# 928 Carbon?



## brewster (Jun 15, 2004)

Anybody own this frame? I'm interested in comments and reactions. Looks like it's available as a frameset....what prices are people paying? thanks!


----------



## Fredrik1 (Nov 26, 2002)

*My LBS*



brewster said:


> Anybody own this frame? I'm interested in comments and reactions. Looks like it's available as a frameset....what prices are people paying? thanks!


My LBS sponsors a team and they are all racing these frames. I've been in and seen the frames being built. The frames look nice except the paint "swoops", head badges and decals are not always straight. The colors did seem to be consistent. The frame, fork and headset go for $1700 says the shop owner.

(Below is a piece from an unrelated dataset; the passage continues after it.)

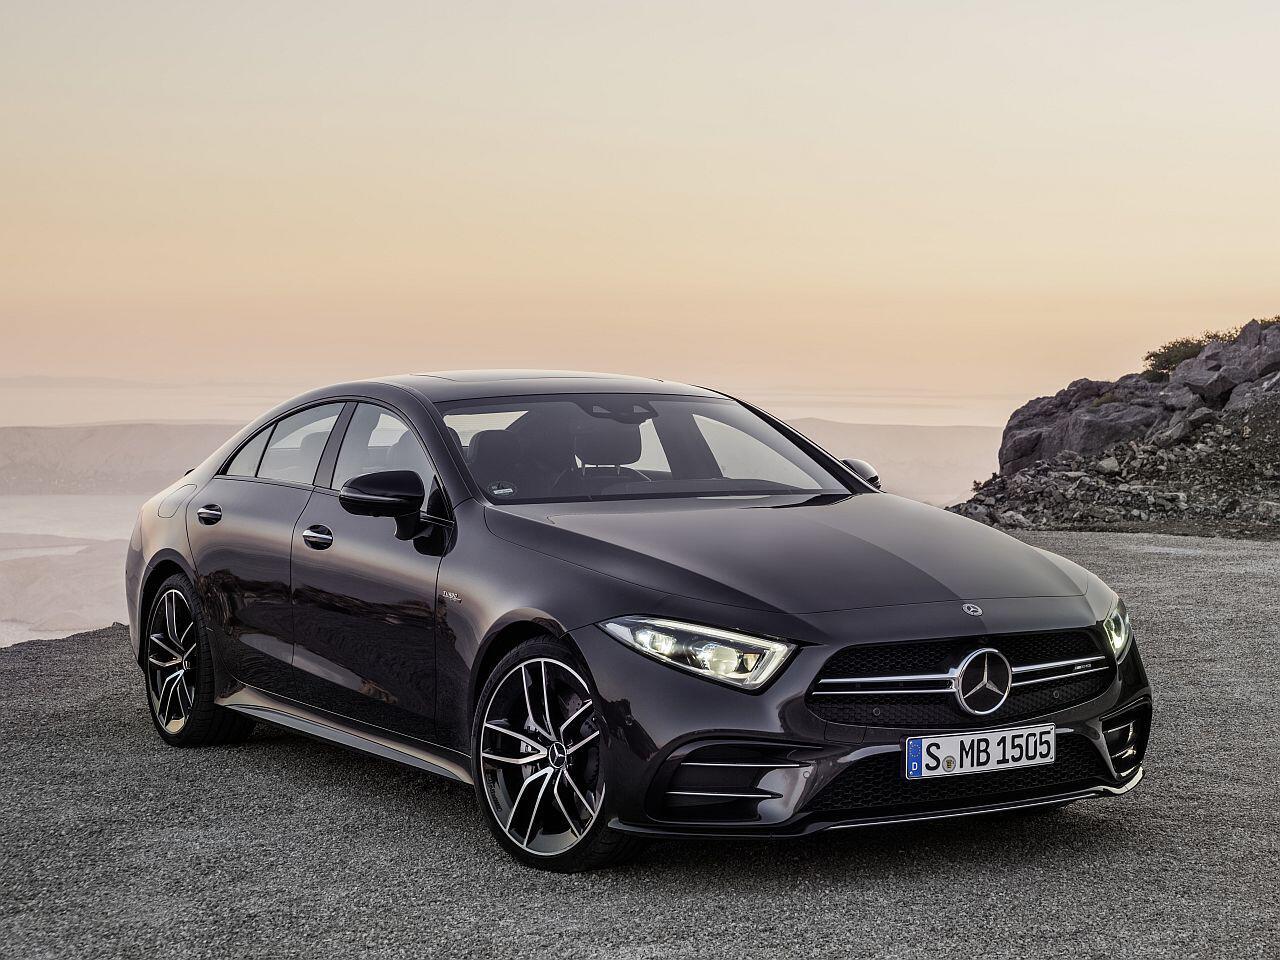 Bild zu Mercedes-AMG CLS 53 4MATIC+

I've been looking at this frame as my first foray in to carbon. I'm not as well to do as some of the folks on the forum so the price looks good. However, I'm not a fan of the paint schemes, the FSA headset and the fact that the required seat post is 31.4, a bit unusual. My LBS tells me that 31.4 is more common in Europe and that they hear that it will become more common here.

Any other comments, folks?


----------



## violto (Oct 29, 2005)

One of my mates just bought a 928 liquigas team lugged frame and had it built up to just under 8kgs. I've ridden it a couple of times and it is totaly amazing - super stiff and still forgiving on the body over the rough stuff. This is probably due to the carbon lug reinforcements. Built up with record, custom wheels @1.2kgs, ZG breaks, alu cockpit for $7500 AUD.

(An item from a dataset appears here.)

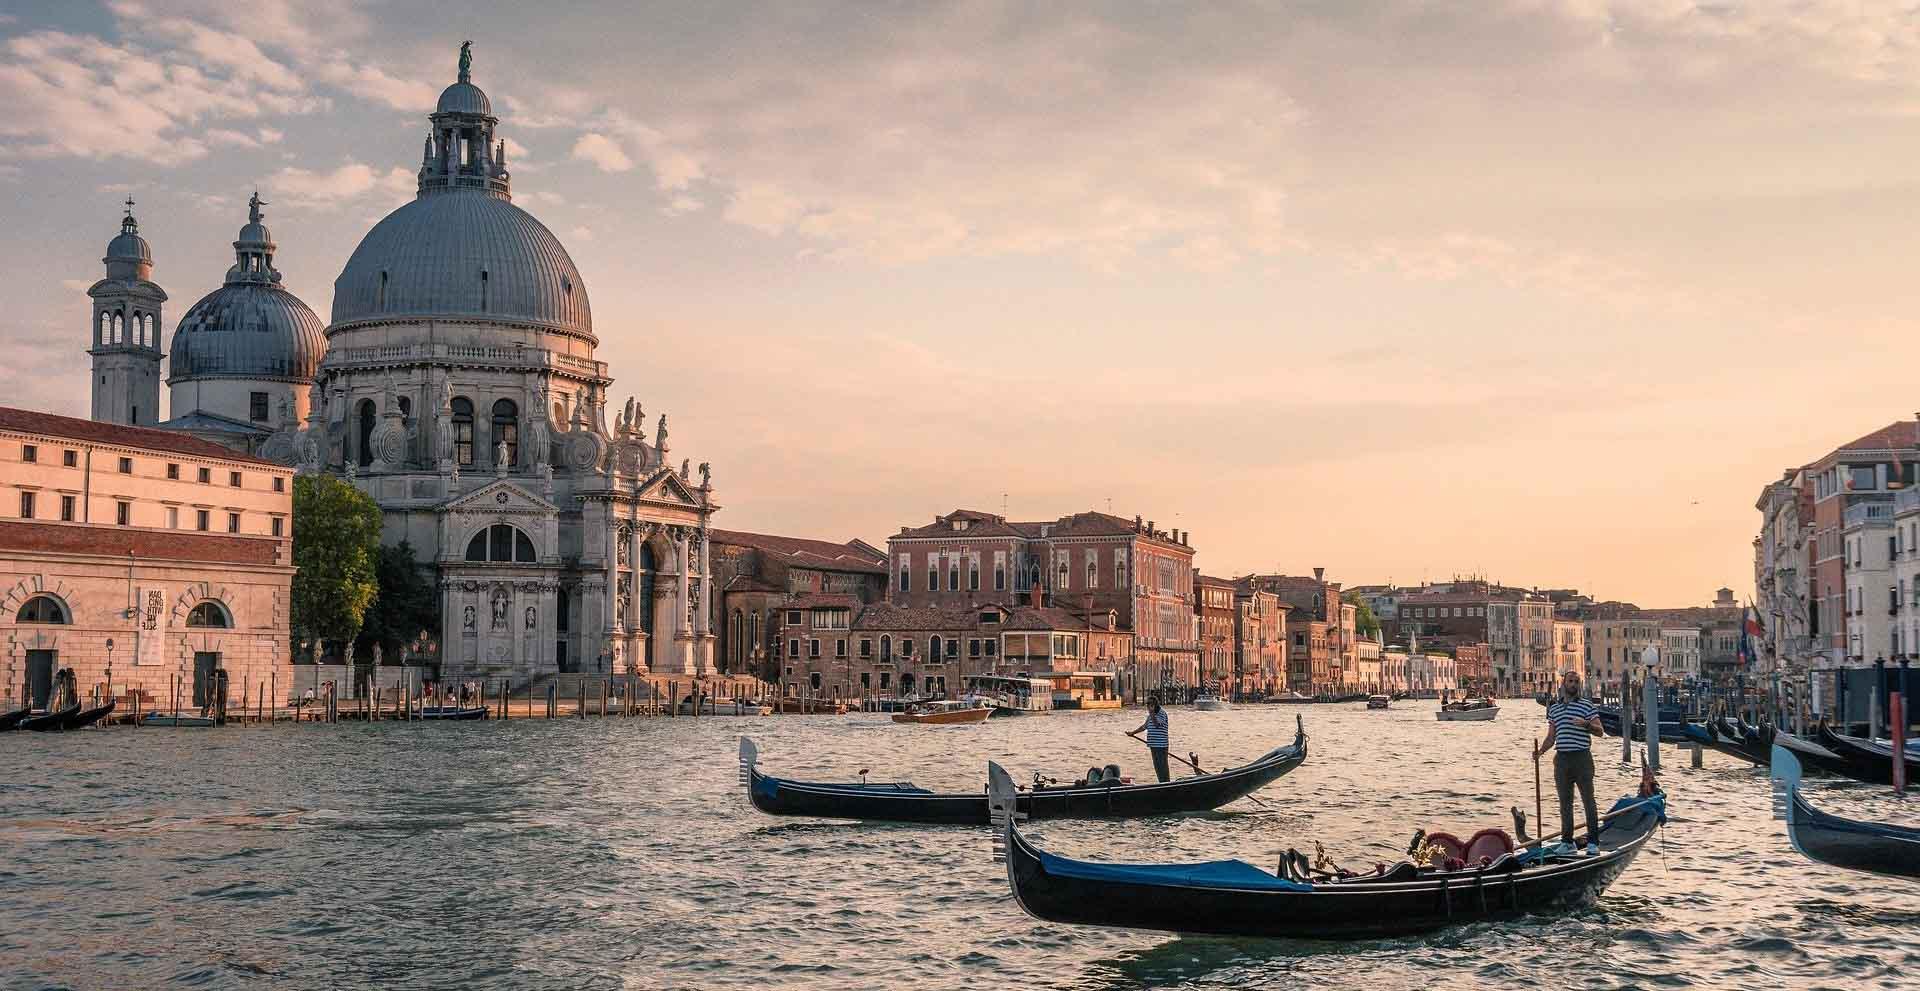 venezia era una tappa del grand tour

I've had my Via Nirone 7 for 3 months and i already want to upgrade


----------



## R.Rice (Aug 23, 2004)

*Really,Really tempting*

I have been doing some reading on this frame lately.I have two alloy Bianchis and am really interested in a carbon ride.For the price($1,600-$1,700 for the frame set)it seems like a really good deal.

There are a few guys at weight Weenies that have them and say nothing but good things about them.The medium sized frames(55cm)are suppose to weigh 1100 grams.That is plenty light.

Here are some pics that have been taining me lately:


----------



## Fredrik2 (Jun 3, 2005)

*Great paint scheme*

Sweet! Much better than what I've seen on the Bianchi websites or in my LBS.

I just put a deposit on a 53cm Di Luca special.


----------



## R.Rice (Aug 23, 2004)

Fredrik2 said:


> Sweet! Much better than what I've seen on the Bianchi websites or in my LBS.
> 
> I just put a deposit on a 53cm Di Luca special.


Nice.Post some pics when you get the frame.That is the only pic I have seen of the Di Luca 928 and since the pics on the web of the regular 928 L don't do it justice I bet the Di Luca frame looks better too.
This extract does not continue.